The single most useful rule for eating and drinking abroad is short: if it is steaming hot and freshly cooked, it is probably safe; if it is raw, room temperature, or washed in tap water you would not drink, treat it as risky. Most travel-related stomach illness comes from food and water contaminated with bacteria, viruses, or parasites, and the classic phrase "boil it, cook it, peel it, or forget it" still captures the core idea. According to the CDC, traveler's diarrhea is the most common travel-related illness, affecting an estimated 30 to 70 percent of travelers depending on the destination and season. As a PA-C who has treated plenty of travelers after the fact, my honest take is that you do not need to eat fearfully, you just need to make a handful of smart choices automatically. This guide covers which foods and drinks are higher risk, how to find safe water, the realities of street food and ice, and exactly what to do if your stomach turns on you mid-trip.

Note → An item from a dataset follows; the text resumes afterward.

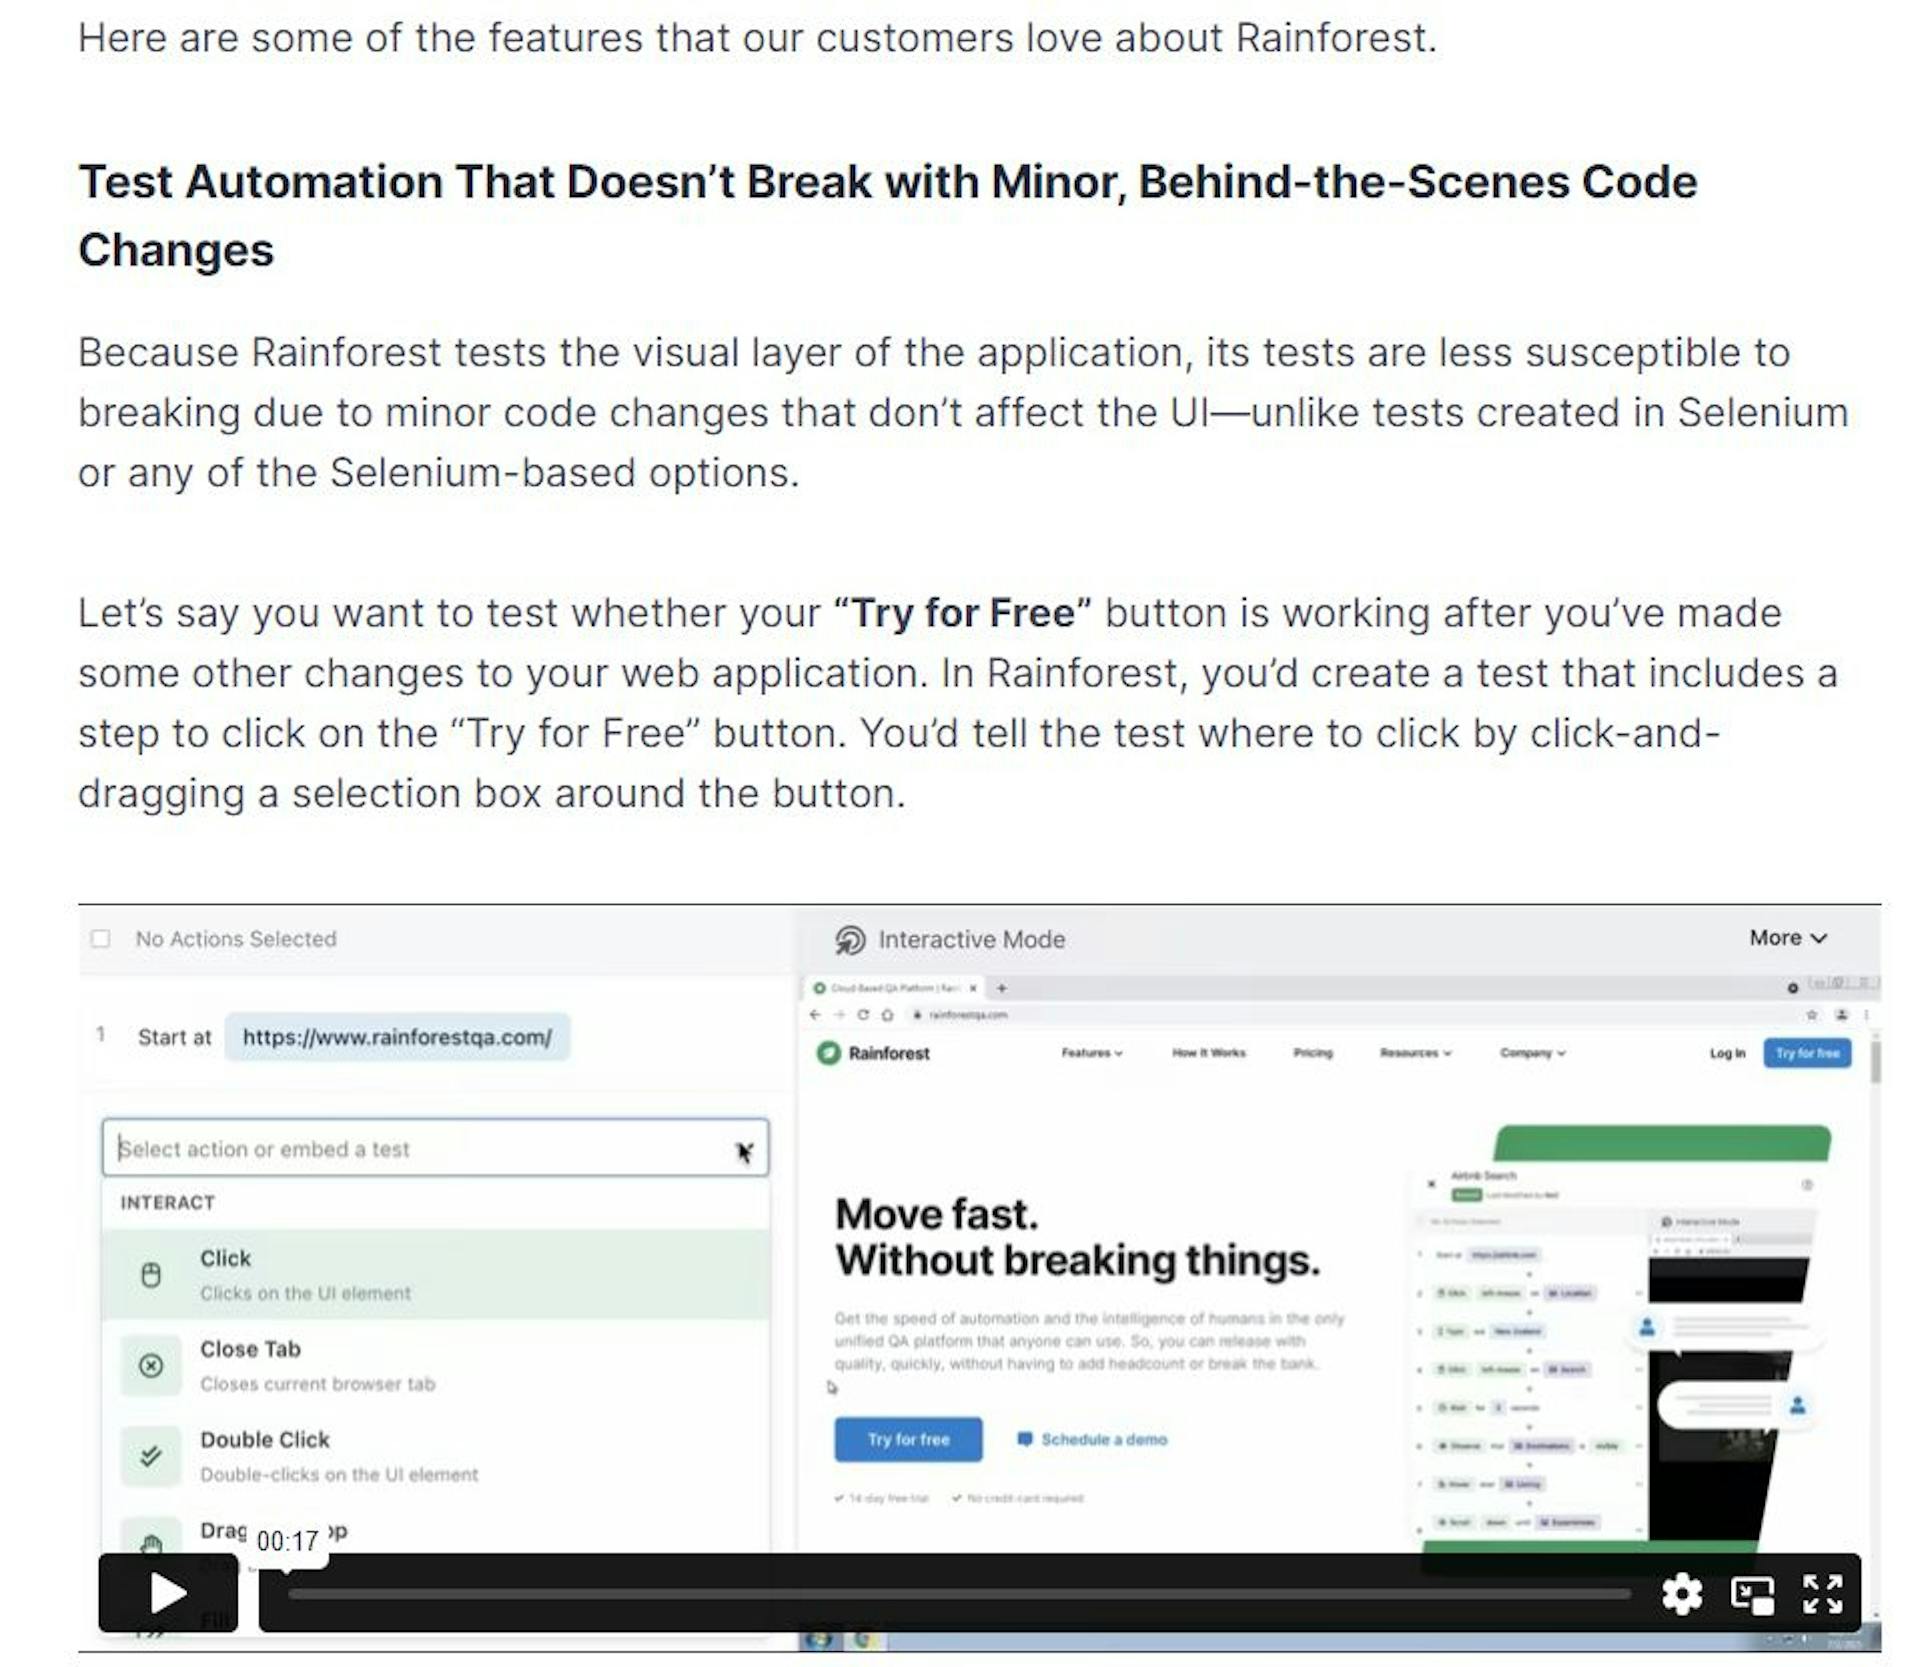 Image showing a screenshot from Rainforest's demo of how their no-code tool helps companies check their code without the expertise of many developers.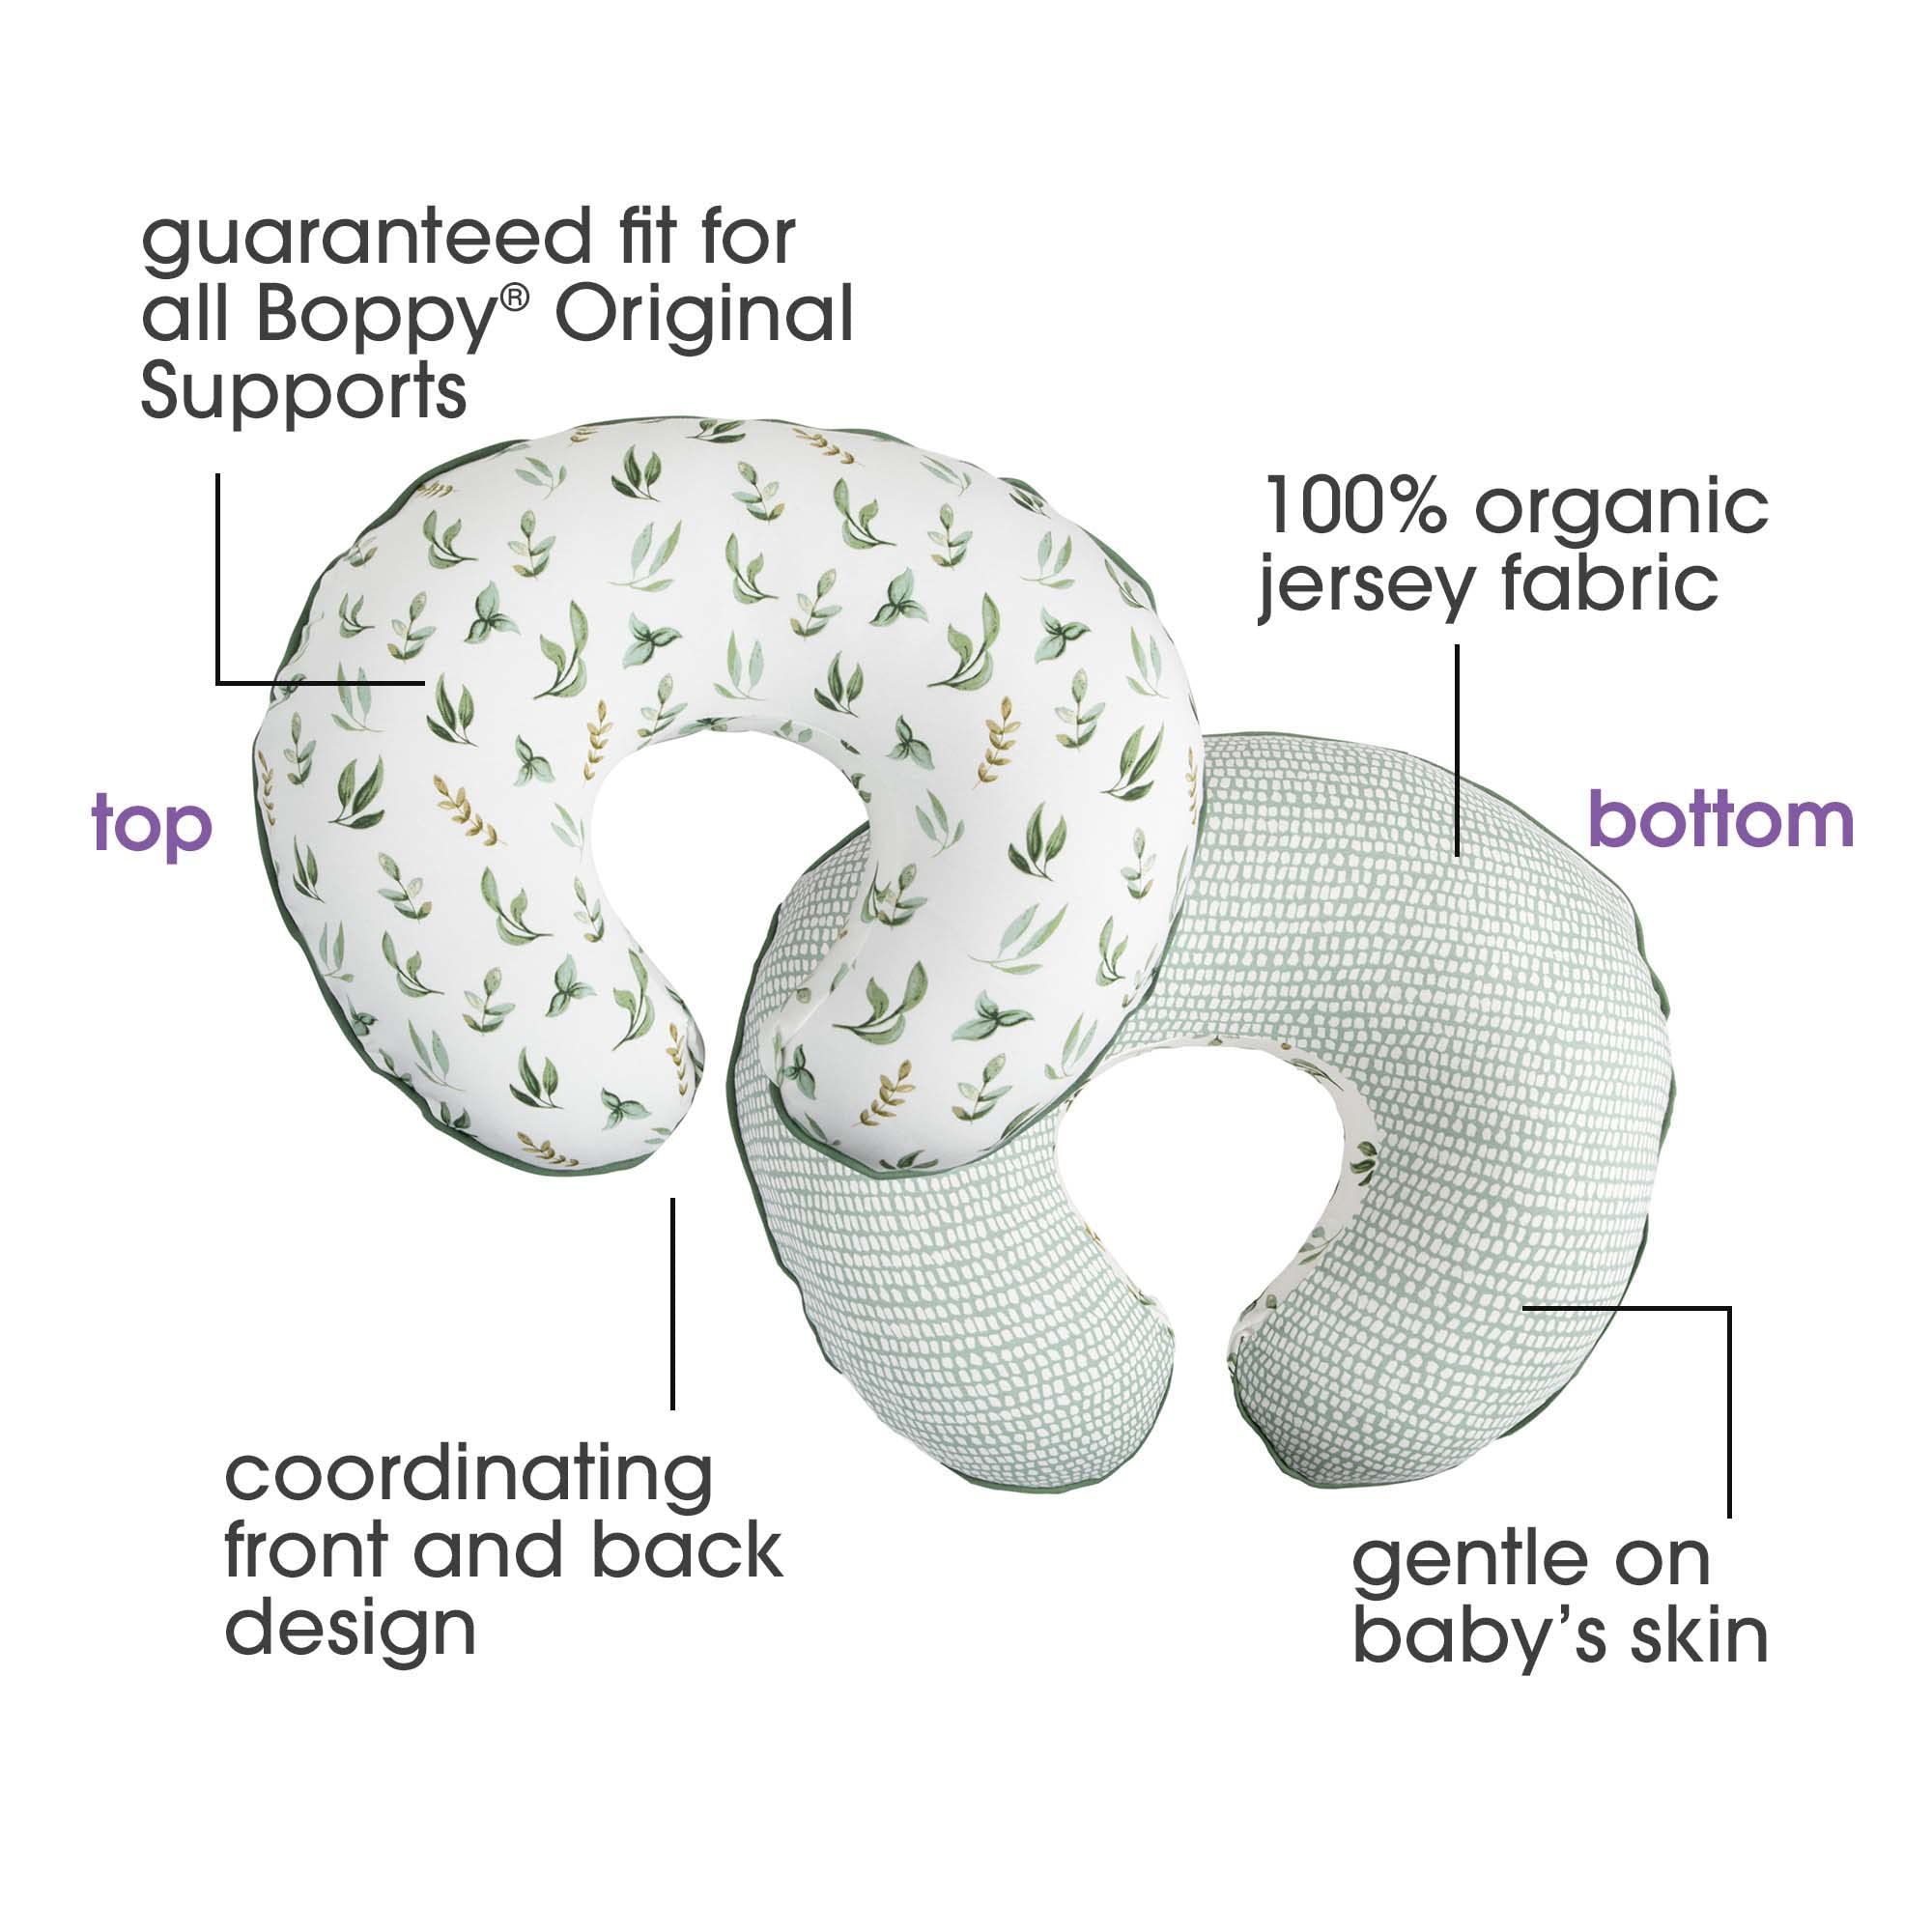 Boppy Organic Original Support Nursing Pillow Cover, Green Little Leaves, 100% Organic Cotton Jersey Cover Fits All Boppy Original Nursing Supports for Breastfeeding and Bottle, Cover Only

Why Food and Water Make Travelers Sick

Traveler's diarrhea and most foodborne illness abroad come from swallowing germs that your gut is not used to. The usual culprits are bacteria such as enterotoxigenic E. coli (the leading cause), Campylobacter, Salmonella, and Shigella, along with viruses like norovirus and, less often, parasites such as Giardia. These organisms reach your mouth through contaminated water, undercooked food, unwashed hands (yours or a food handler's), or produce rinsed in unsafe water.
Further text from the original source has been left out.